Neoclouds are Nvidia shops by conviction, not convenience., Industry analyst quoted by The Information, May 6, 2026

What distinguishes the inference-cloud market from the training-cloud market that preceded it is the shape of demand. Training is project-based: a lab raises capital, runs a training job for three to six months, and the GPUs go quiet until the next model cycle. Inference is product-based: every user query that hits ChatGPT, Claude, or Gemini generates a small but continuous stream of GPU work that scales with end-user adoption. For a cloud provider, inference revenue is stickier and more predictable, which is why CoreWeave's 2032 contract duration is not a fluke but a structural feature of where the market is heading. The providers that can lock in inference contracts now are securing revenue streams that will outlast the training buildout cycle. The ones that remain dependent on training jobs will see their revenue oscillate with model-release calendars.

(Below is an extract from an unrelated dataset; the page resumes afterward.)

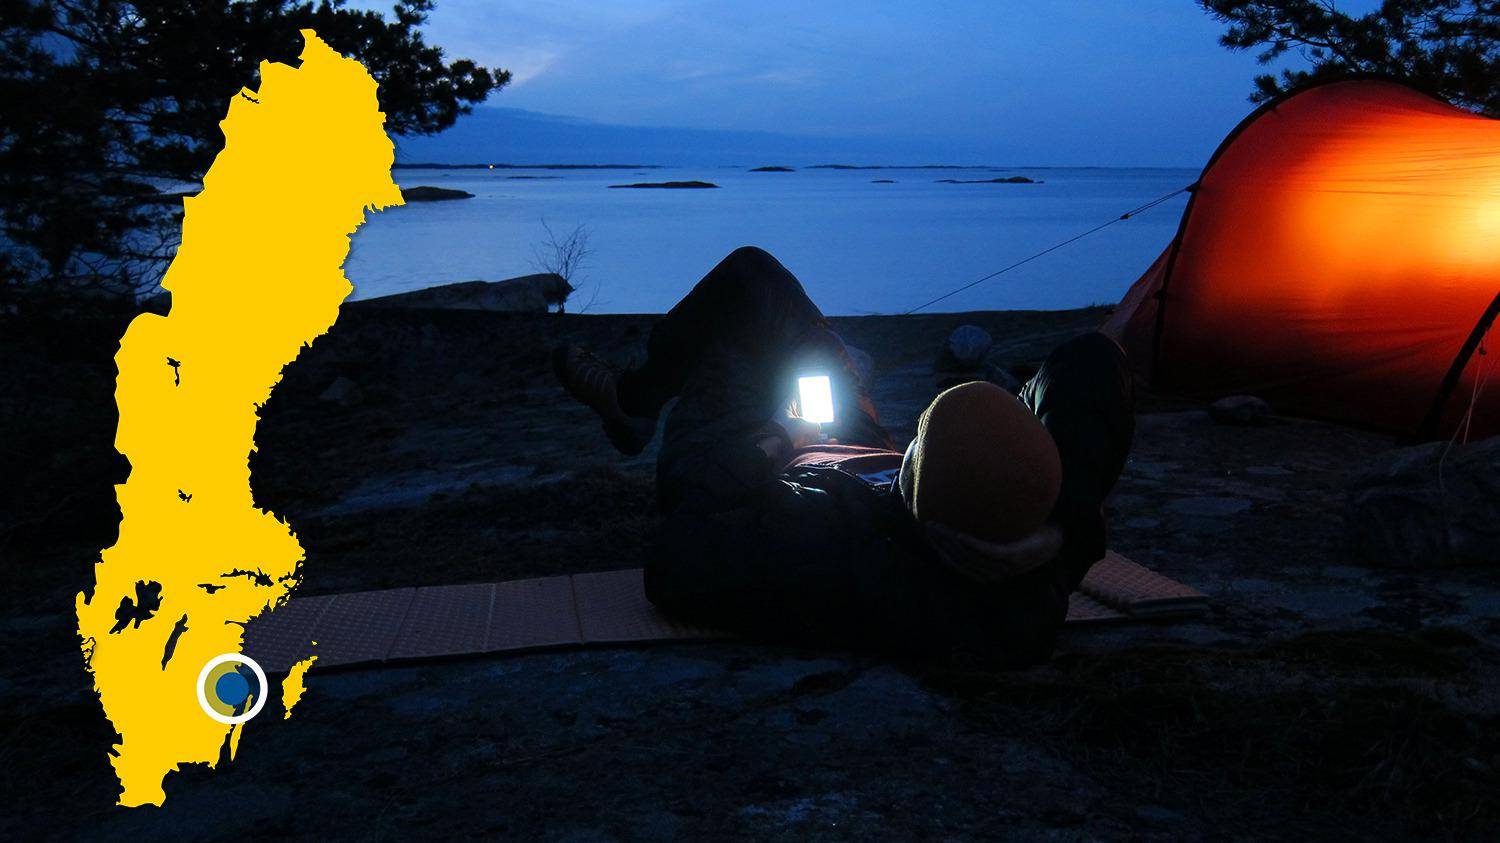 A tent is set up on a beach near the water. It is night and a person is lying next to the tent looking at his phone.

The TPU question is a microcosm of a larger strategic choice facing every neocloud: whether to optimize for cost or for ecosystem compatibility. Google's pitch is straightforward, TPUs are cheaper per inference token, and the gap widens at scale. The neocloud counterargument, as The Information's reporting made clear, is that moving an inference stack from CUDA to TPU software is not a trivial engineering exercise; it requires rewriting model-serving code, retesting for correctness, and accepting a different set of performance characteristics. For AI labs that measure latency in milliseconds and serve billions of queries per day, the switching cost is real. But it is not infinite, and if the cost delta grows wide enough, some lab will take the leap. That lab's experience will be the template for the rest of the market.

CoreWeave's May 7 earnings report, for all the stock-market drama it generated, was not a referendum on the neocloud thesis. Revenue doubled. The backlog hit a record. Nine of ten top AI labs are paying customers. The guidance miss was narrow, a few hundred million dollars on a multi-billion-dollar base, and largely attributable to the timing of data-center completions rather than any softening in demand. What the market was pricing in, however, was the recognition that neoclouds are no longer valued on backlog alone. They are being valued on margins, on the sustainability of their debt structures, and on their ability to manage the transition from a supply-constrained training market to a more competitive inference market where hyperscalers and custom silicon are also competing for the same workloads.

What to Watch for in the Second Half

Three indicators will determine whether the neocloud sector holds its current trajectory or begins to face the fragility that McKinsey warned about. The first is component costs on Nvidia Vera Rubin systems: if those costs continue to rise faster than neoclouds can pass them through to customers, margins will compress and debt-service coverage ratios will weaken. The second is enterprise adoption: if a Fortune 500 company signs a nine-figure inference deal with a neocloud before the end of 2026, it validates the enterprise thesis. If none do, the neoclouds remain dependent on a small number of AI-lab customers that have outsized negotiating power. The third is the TPU beachhead: if any major AI lab announces a production inference deployment on Google TPUs at meaningful scale, it becomes a reference architecture for cost-conscious customers and a direct challenge to the Nvidia-only strategy that has defined the category.

For now, the neocloud sector is in a position that few infrastructure businesses ever reach: enormous demand visibility, a backlog measured in decades, and a customer base composed of the best-capitalized companies in the technology industry. The question is whether that position is a durable competitive advantage or a temporary artifact of a GPU shortage that is slowly being solved. The inference market will provide the answer, one token at a time.